U.S. Social Movements through Biography

CONTENTS OF CURRICULUM UNIT 21.01.03

  1. Unit Guide
  1. Introduction
  2. Rationale
  3. Learning Objectives
  4. Content Objectives
  5. Teaching Strategies
  6. Activities
  7. Appendix on Implementing District Standards
  8. Notes
  9. Bibliography

Remembering the Civil War: A Primary Source Comparative Study of Rhetoric and Author Purpose

Kariann Flynn

Published September 2021

Tools for this Unit:

Teaching Strategies

Modeling

Modeling is the explicit demonstration of a concept, and is an essential part of teaching students a new skill or in scaffolding them to achieve proficiency in a particular context24.  I will use modeling in this unit to achieve both of these outcomes. 

In order to successfully analyze and interpret primary sources, students will need to learn a protocol for approaching historical documents.  This protocol will be based on the document analysis guidelines developed by the National Archives that encourage students to “meet the document, observe its parts, try to make sense of it, and use it as historical evidence.”25  In addition to explicitly showing students how to complete the analysis protocol, I will also model critical thinking skills in the process of investigating a primary source.  For example, I will ask myself questions aloud about the document’s origin, author, and date to model inquiry.  Then, as we read the document as a class, I will draw verbal conclusions about the author’s purpose and central message, using textual-evidence to support my claims.  Thus, students will have an example of the physical and cognitive skills they will need to implement in an individual or small group primary source investigation.

Socratic Seminars

Socratic seminars are academic discussions in which students engage with peers and respond to open-ended questions about a text.26 The Socratic seminar gives students opportunities to improve speaking and listening skills while reviewing, debating, and discussing key takeaways from a text. 

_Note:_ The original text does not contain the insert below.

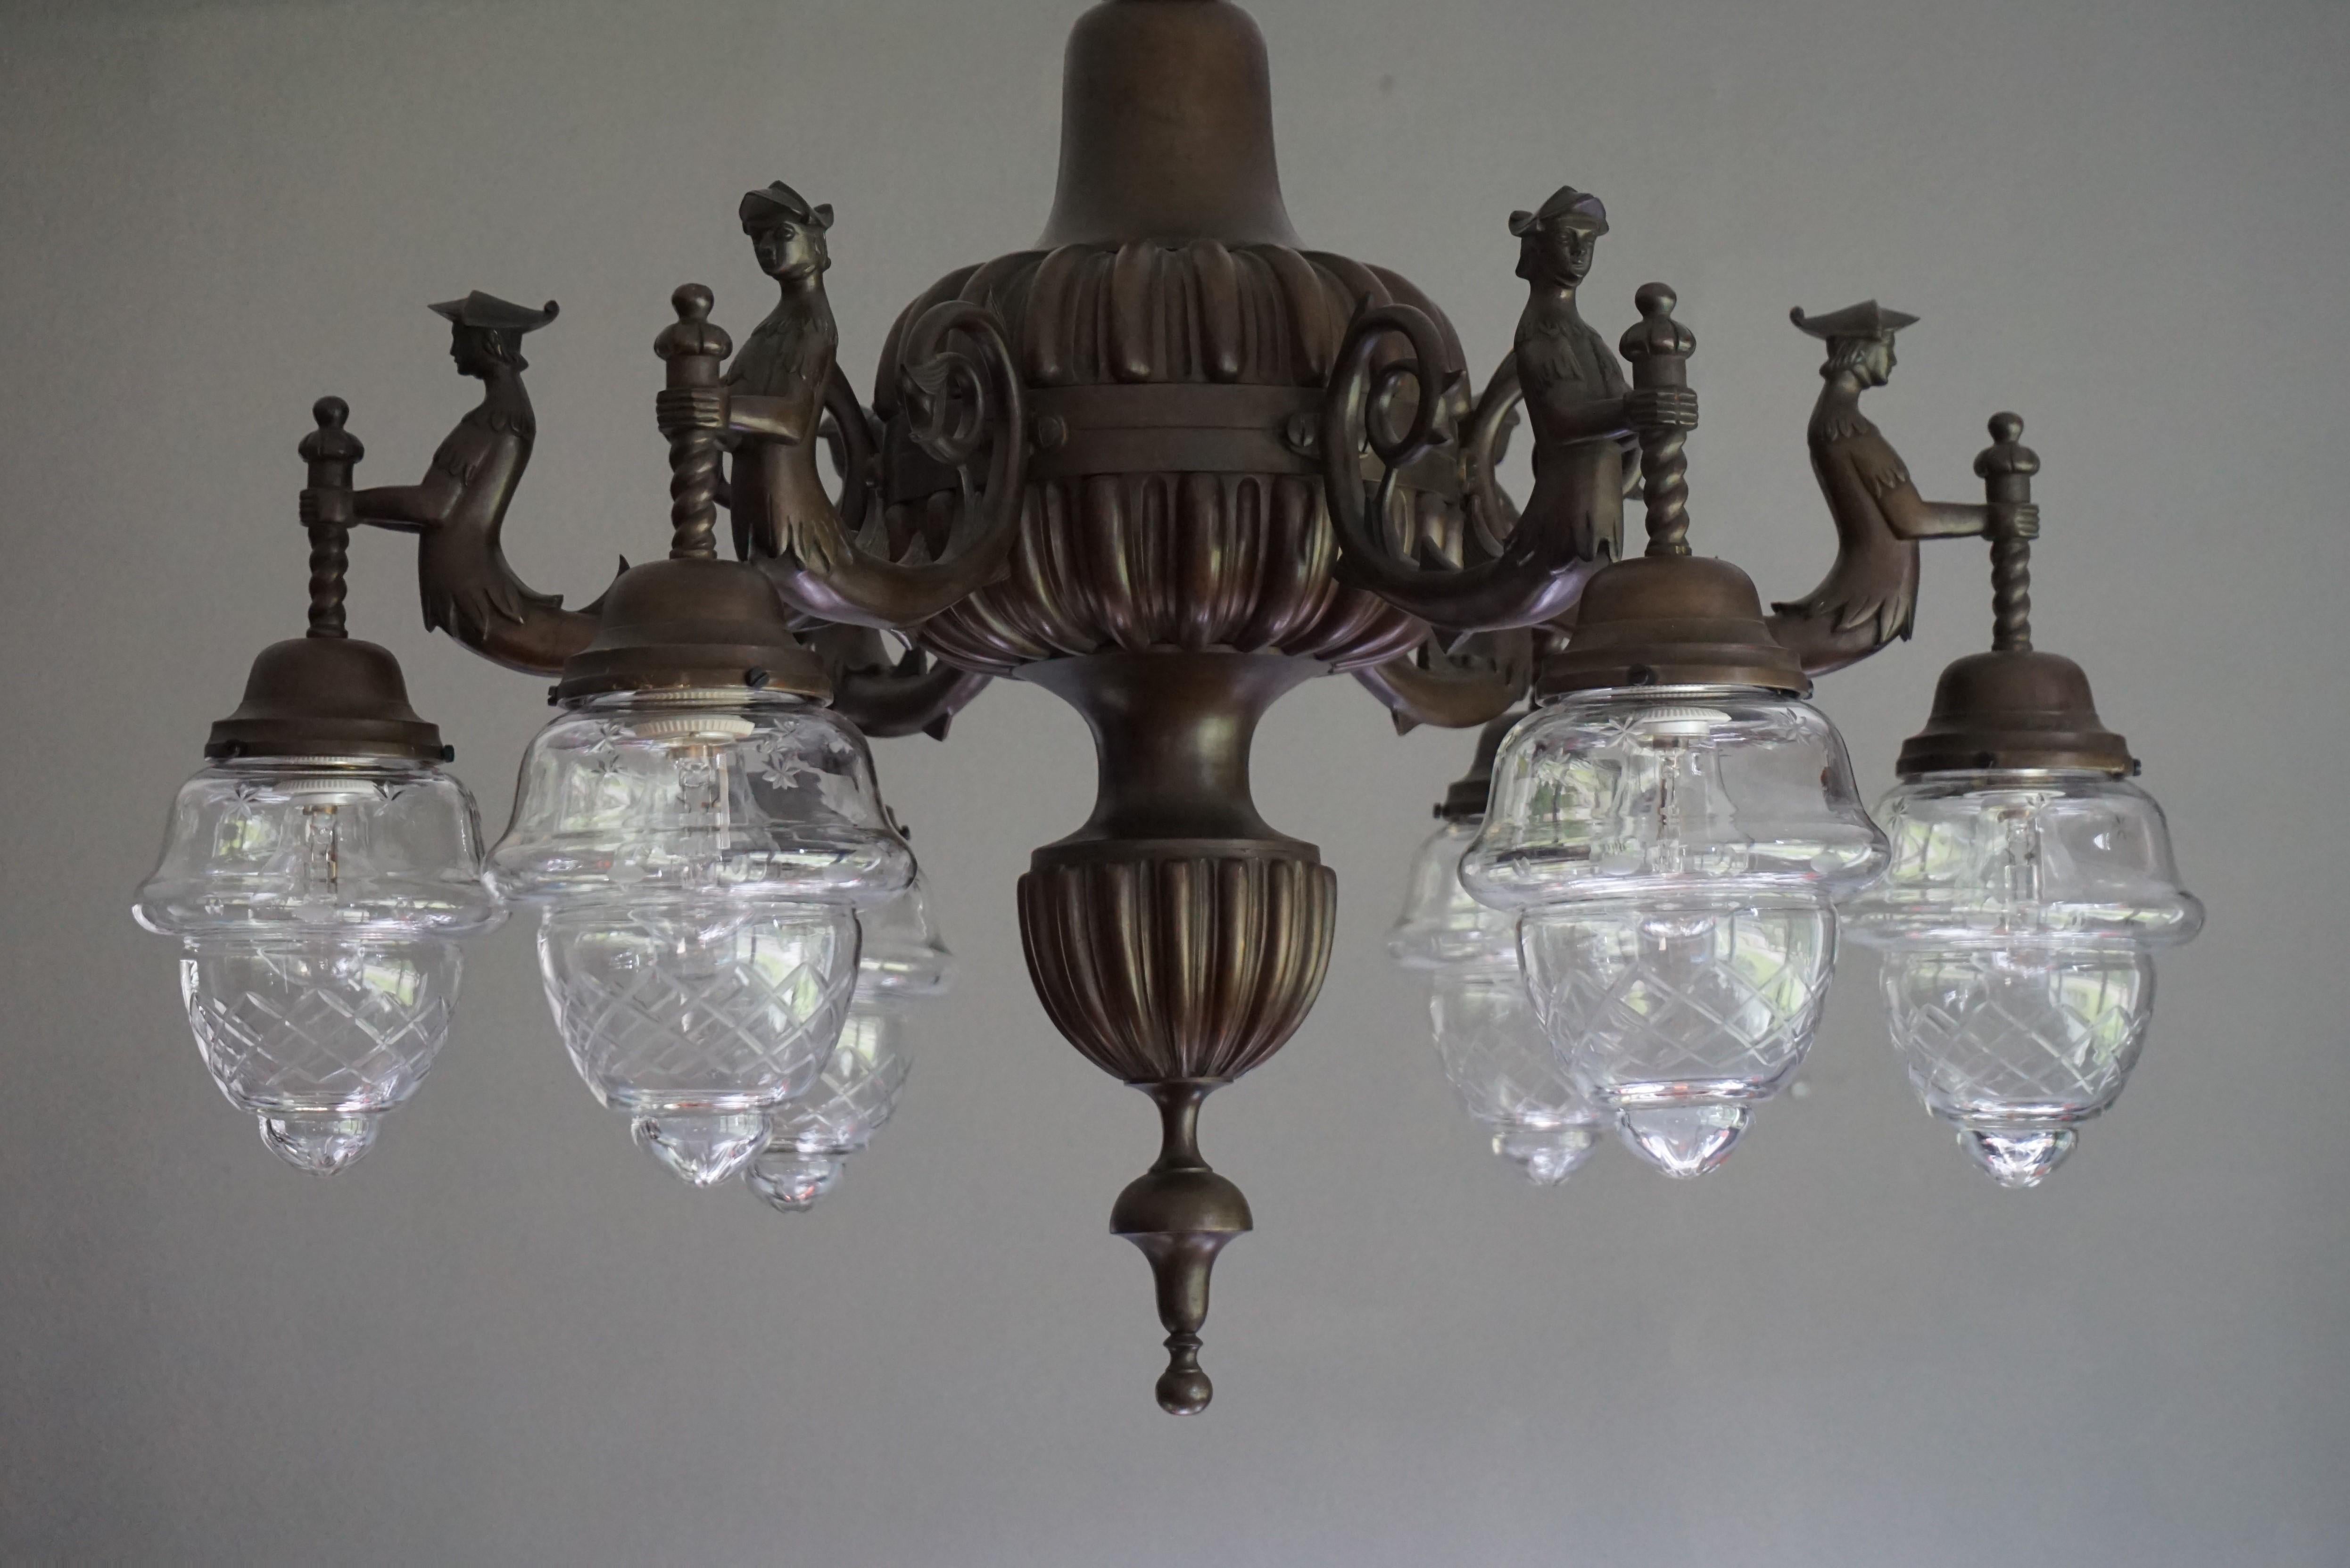 Large Six-Light Bronze Chandelier with Folkore or Fable Hybrid Guard Sculptures For Sale 10
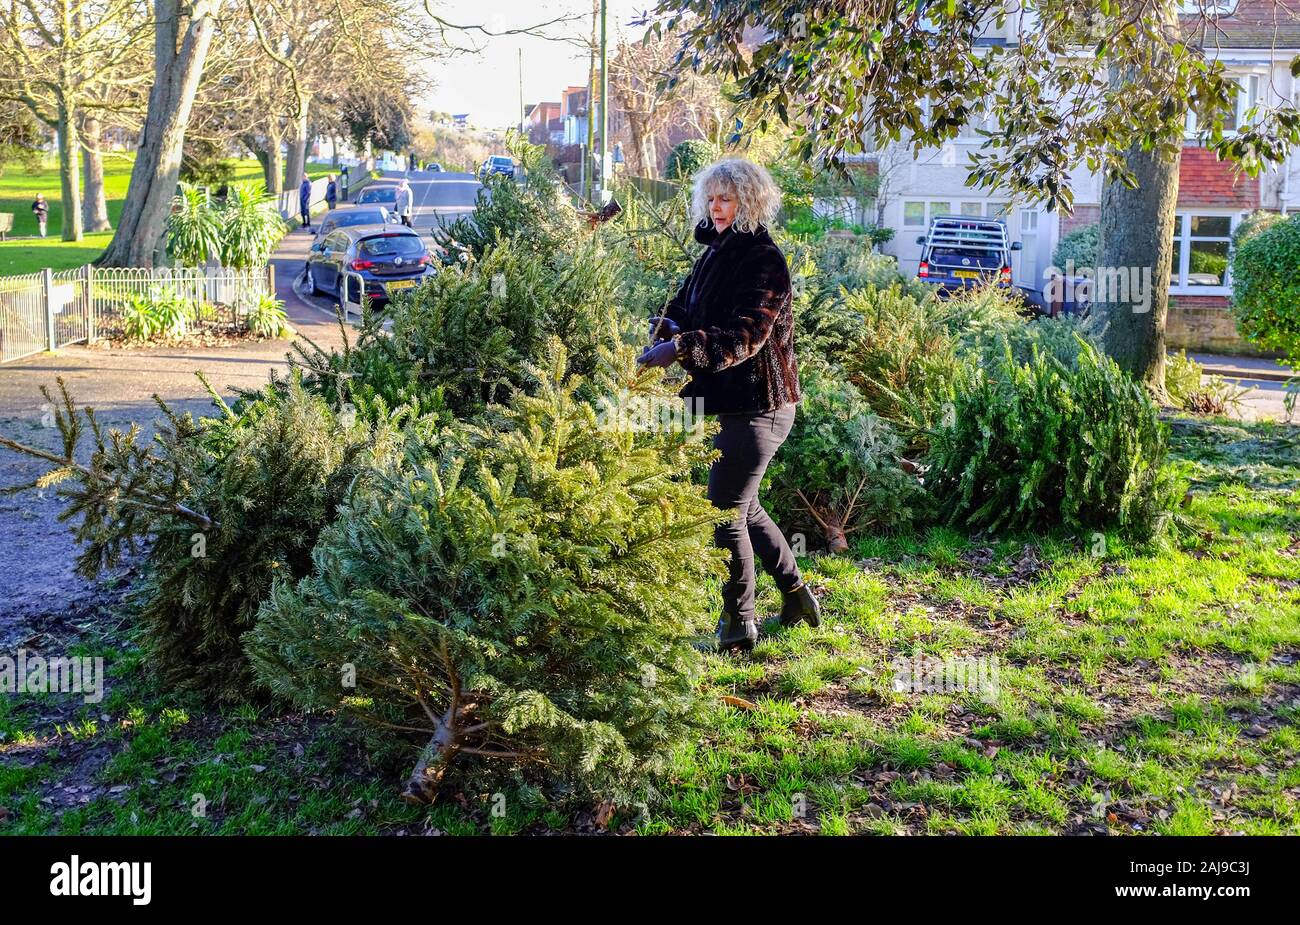 Brighton UK 3rd January 2020 - A woman drops off her Christmas tree at a recycling point in Queens Park Brighton as the festive holiday draws to a close. Every tree collected in Brighton is turned into soil improver or compost and prevents more waste going to landfill. Credit: Simon Dack / Alamy Live News Stock Photo

The Socratic seminar will be an important teaching method in my unit as a formative assessment of students’ grasp of the material.  Some of the sources students will investigate will reference people, places, and ideas that students may not be familiar with.  I hope to use the seminar as a space for students to ask questions and seek answers within their peer group before intervening to supplement background information or give a direct answer.  In addition to measuring student understanding, the seminars will help students build collective knowledge bases of the sources they are reading.  Socratic seminars are also crucial in strengthening students’ academic and social English language proficiency in the domains of listening and speaking.  Additionally, the seminar will serve as a whole class review of texts to support students that may need additional support in comprehending texts.

Collaborative Writing

Collaborative writing is a highly-scaffolded approach to teaching writing that occurs in three phases.  In the first phase of collaborative writing, the teacher and students “deconstruct” a mentor text as a class.  Students examine the organization and grammatical features of the mentor text, and the instructor gives explicit lessons on these features as necessary.  Then, the instructor leads the class in jointly constructing a text in the same genre as the mentor text.  During this “joint construction” phase, the teacher models the language, organization, and grammatical features of the genre that were analyzed during the deconstruction phase.  I often give students an additional opportunity to jointly construct a text in small groups or pairs.  In this way, I can more closely assess what skills or concepts students need more practice with before writing independently.  In the final phase of collaborative writing, students construct their texts independently.  This phase of “independent construction” is highly scaffolded by the previous whole-class and small-group writing practice.  Additionally, students have the benefit of referring to the jointly constructed texts (which serve as models) when constructing their own texts.27

Collaborative writing will be an integral part of teaching the genre of comparison to my English learners.  This method of teaching writing gives students multiple opportunities to negotiate and practice the comparison genre before they are expected to produce a comparison essay individually.  Moreover, students will frequently work together in small groups during the primary source exploration.  Collaborative writing will be key support to students as they apply newly learned grammar and language skills to compare texts with evidence-based responses.  These short, comparative writing exercises in small groups will help students build skills and confidence to complete the final writing task, a comparative essay.